At her second visit with the pediatrician after we brought her home, in late June 1999, Bronwen was diagnosed with developmental dysplasia of the hip, affecting her right hip. We were referred to a pediatric orthopedic surgeon, who prescribed a Pavlik harness. This harness has an 80% cure rate, but it failed for us. She was scheduled for a closed reduction surgery to fix her hip, and underwent this in mid-Nov. 1999. The first surgery was a failure, too, with her hip coming back out of the socket just one week later. The surgery was repeated in Dec. 1999, and this time we thought it was successful. She wore a body cast for 10.5 weeks. However, three months later, her hip wasn't perfect anymore and she began to wear a brace when sleeping. However, this didn't work, either, and she underwent a pelvic osteotomy and open reduction surgery at the age of 19 months, in Nov. 2000. This has "cured" her hip dysplasia and her hip is growing wonderfully. I have a website about her hip dysplasia: http://pages.ivillage.com/lilajean2000/.
Bronwen's gross motor skills have always been delayed. Around one year of age, she was diagnosed with mildly low muscle tone and hypermobile joints, which account for these delays, and also for why we had affectionately referred to her as "noodle baby" when she was tiny. Hypermobile joints in and of themselves usually cause no problems in a young child except for making balance slightly more difficult in certain situations (like when she is caught off-guard). She's just really loose and bendy because of both of these issues.

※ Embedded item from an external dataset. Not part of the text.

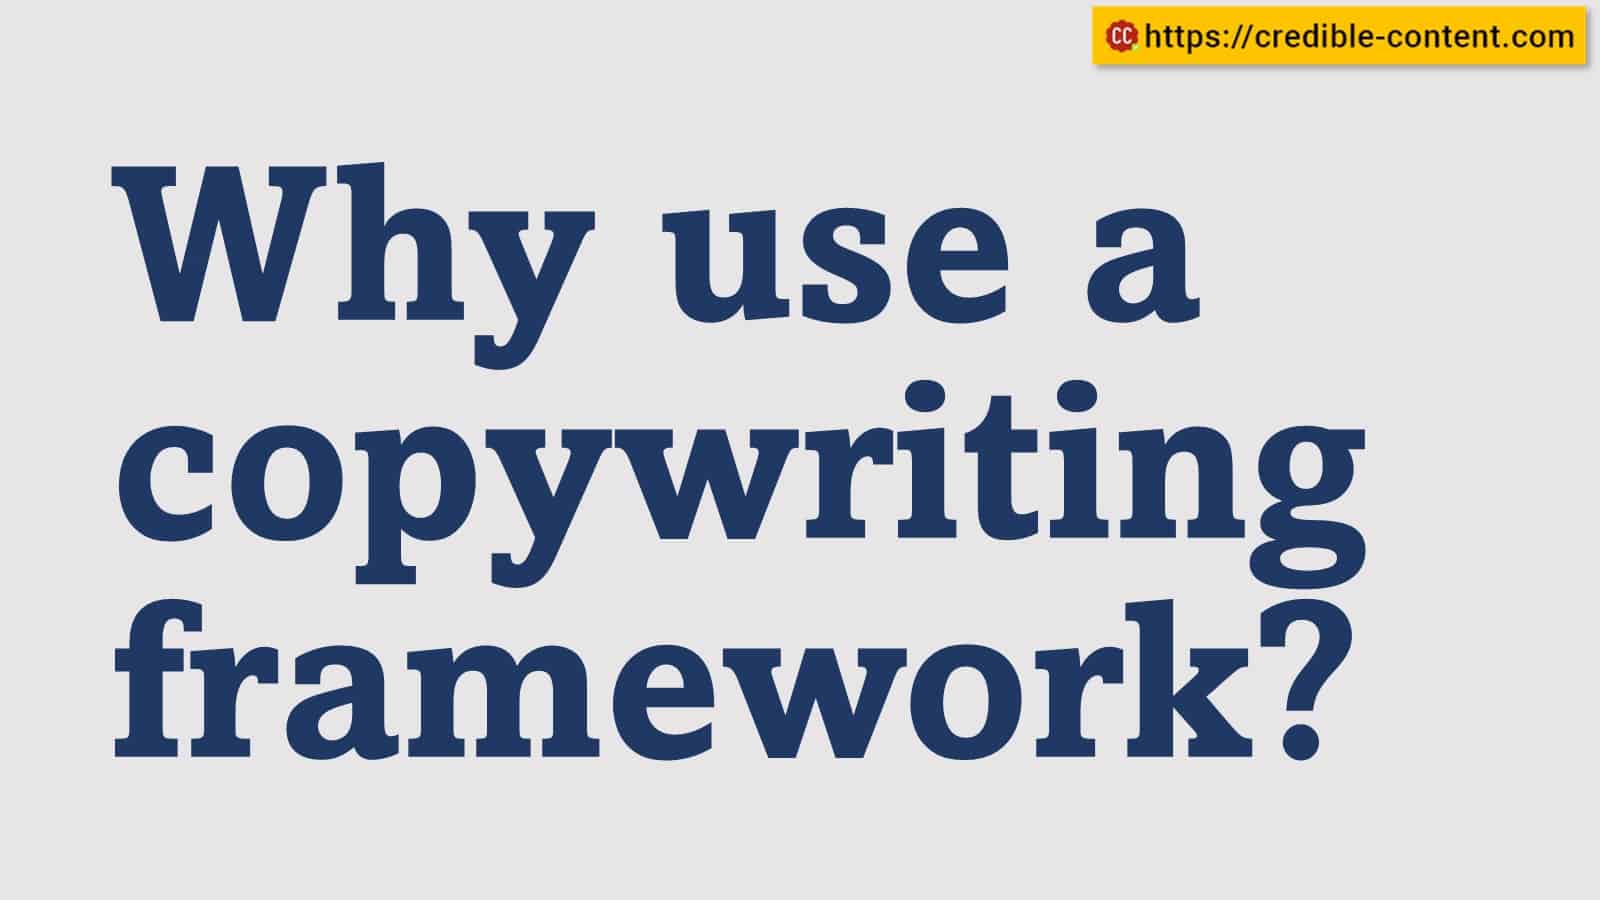 Why use a copywriting framework

She began walking at 17 months.
Meanwhile, at her 18 month physical, her pediatrician noticed her scoliosis. I am fairly certain it did not exist much before that time, as she had had x-rays about every 3 months since the age of 7 months, and while these x-rays were of her hips, her lumbar spine would have also been present on the films. Her curve measured 20º at that time, with the curve in the lumbar spine. I decided to have her seen by a geneticist, and while he did order a skin biopsy (since she was already having surgery), no diagnosis was able to be made other than "connective tissue disorder" of unknown type. She does not have Ehlers Danlos Syndrome nor Marfan's, nor any other known disorder that would account for her orthopedic issues. However, I'm of the opinion that it must all somehow be related. ;-)
After the successful osteotomy surgery, she wore a body cast for 8 weeks. After it was removed, I was certain her back looked worse. As we already had a return visit and x-rays scheduled for her hip 6 weeks later, I waited until this appointment to have it looked at. It was February 2001, and her curve had progressed to 35º. She was then fitted for a brace, and she started wearing a TLSO (underarm) brace two days before her 2nd birthday.

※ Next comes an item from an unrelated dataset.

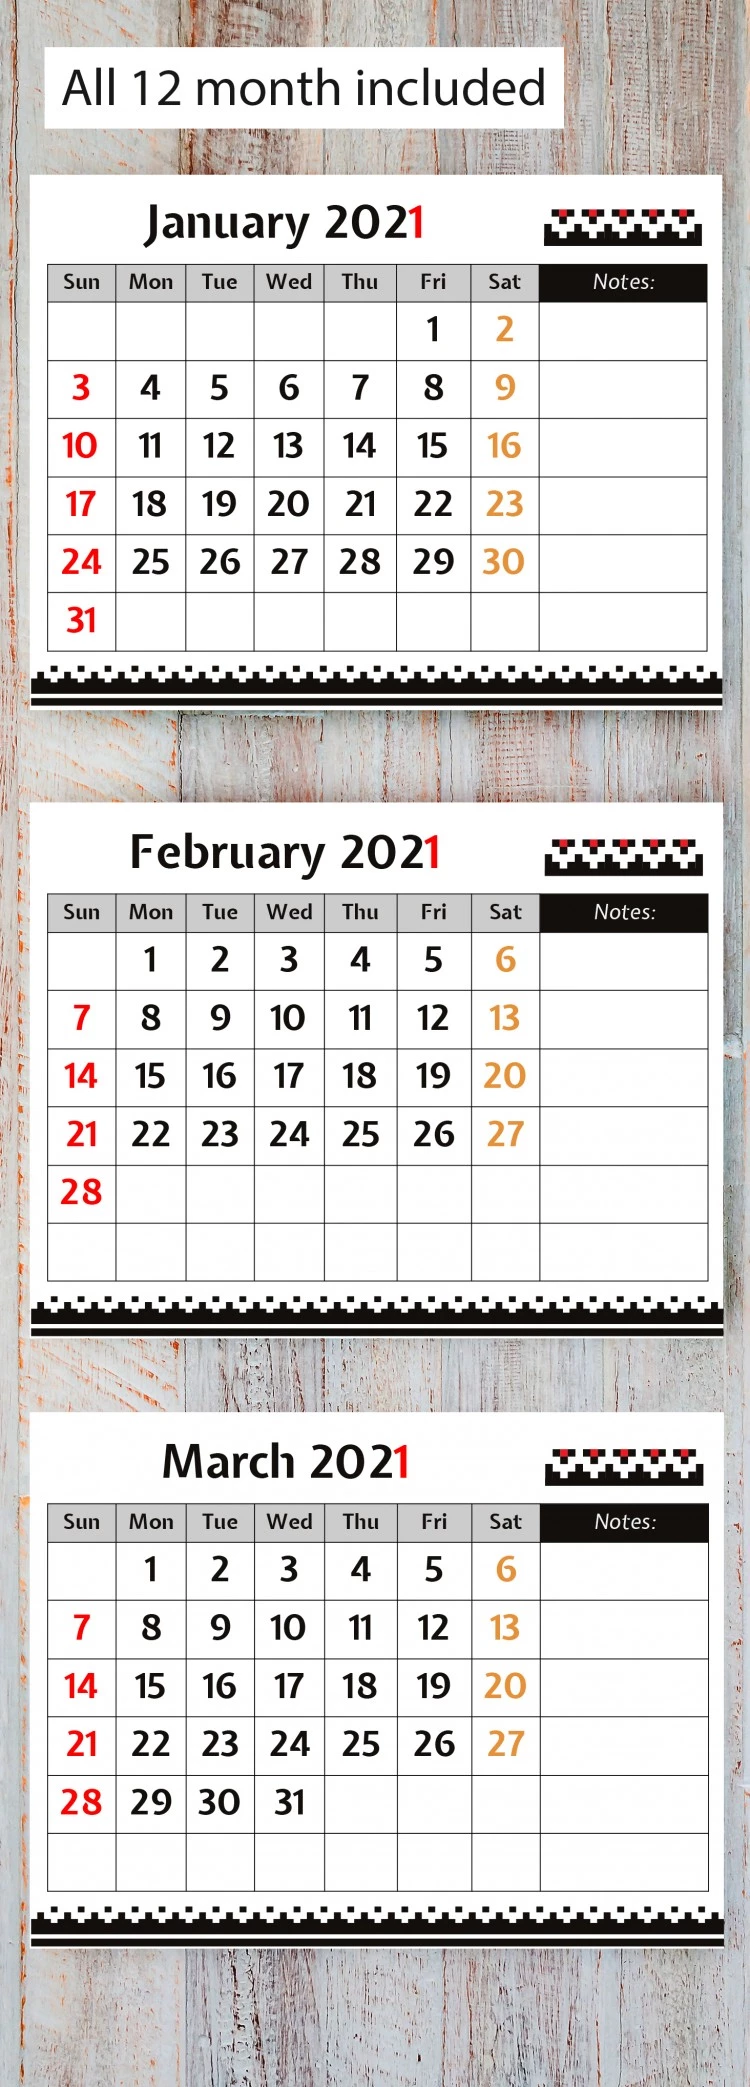 Special Monthly Calendar 2021 - free Google Docs Template - 10061806

A year later, we started seeing Dr. Lubicky at Shriners Chicago. We had been happy with our orthopedic surgeon for her hip dysplasia, but as he saw very, very few cases of infantile scoliosis, we felt better making the trip to Chicago to see Dr. Lubicky. She had an MRI at this time, and no problems were found.

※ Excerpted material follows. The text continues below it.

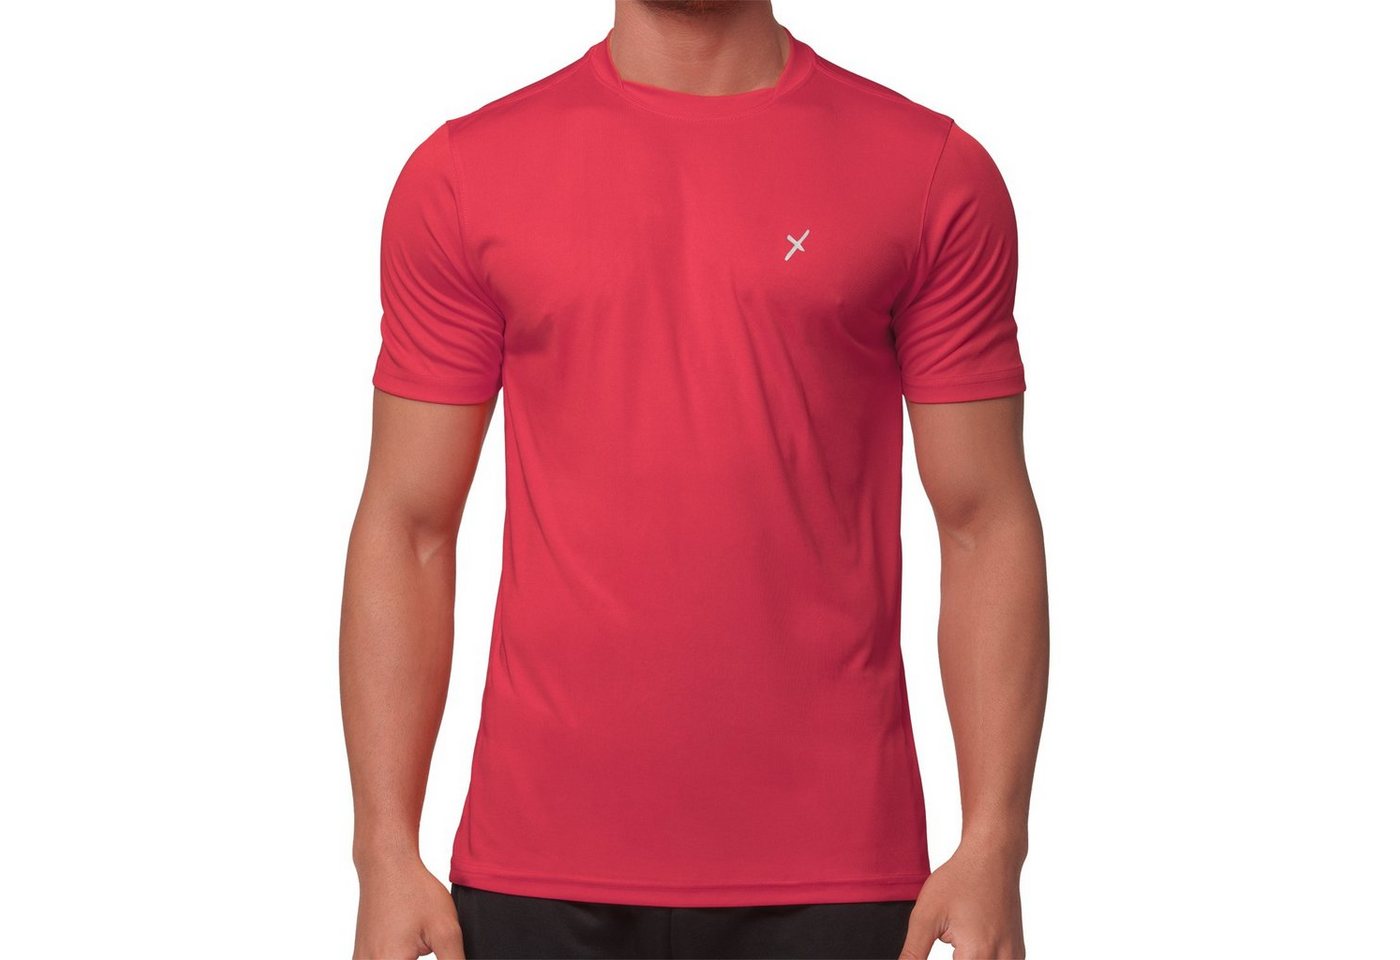 CFLEX Trainingsshirt Herren Sport Shirt Fitness T-Shirt Sportswear Collection von CFLEX

Bronwen has continued to wear a brace and has done so for almost 3.5 years at this point, with her curve measuring 25º out of the brace the past two times she's been x-rayed. She does very well in it, though in the past few months she has started to express dismay about it. The brace corrects her curve quite well, down to 10-15º. For about the last 18 months, Dr. Lubicky has been mentioning a new surgery for scoliosis called vertebral body stapling. This surgery is appropriate for children with moderate progressive curves measuring 20-45º and is currently being done by Dr. Betz at Shriners Philadelphia and by Dr. Lubicky of Shriners Chicago (though he'll be at Rush Children's Hospital starting 9/1/04). I have heard that perhaps two surgeons at Shriners St. Louis are also being trained in the procedure, but I do not know the status of this. Special staples are inserted along the convex side of the curve and serves as a sort of "internal brace". Dr. Lubicky has indicated to me that the surgery works best on specific cases, like my daughter's (flexible curve, stable for the past 3 years, with a lot of growing left to be done). We are trying to set up the surgery for this coming fall at Rush. We'll know more when the insurance responds to our request. The surgery can also be used to delay fusion surgery when there is a vigorously progressing curve in a small child. The staples do not need to be removed, and a fusion, if necessary, can be done as if they are not there. It is NOT appropriate for curves over 50º, however. (Disclaimer...this is, of course, my understanding of the procedure <g>.)
Here are a couple links about the procedure, though I feel compelled to point out that they are already out of date; it has been done on over 60 patients by Dr. Lubicky alone at this point (I am not sure about Dr. Betz, though I know it's far more than the 22 surgeries quoted in one of these articles; I'm guessing he has done more than Dr. Lubicky).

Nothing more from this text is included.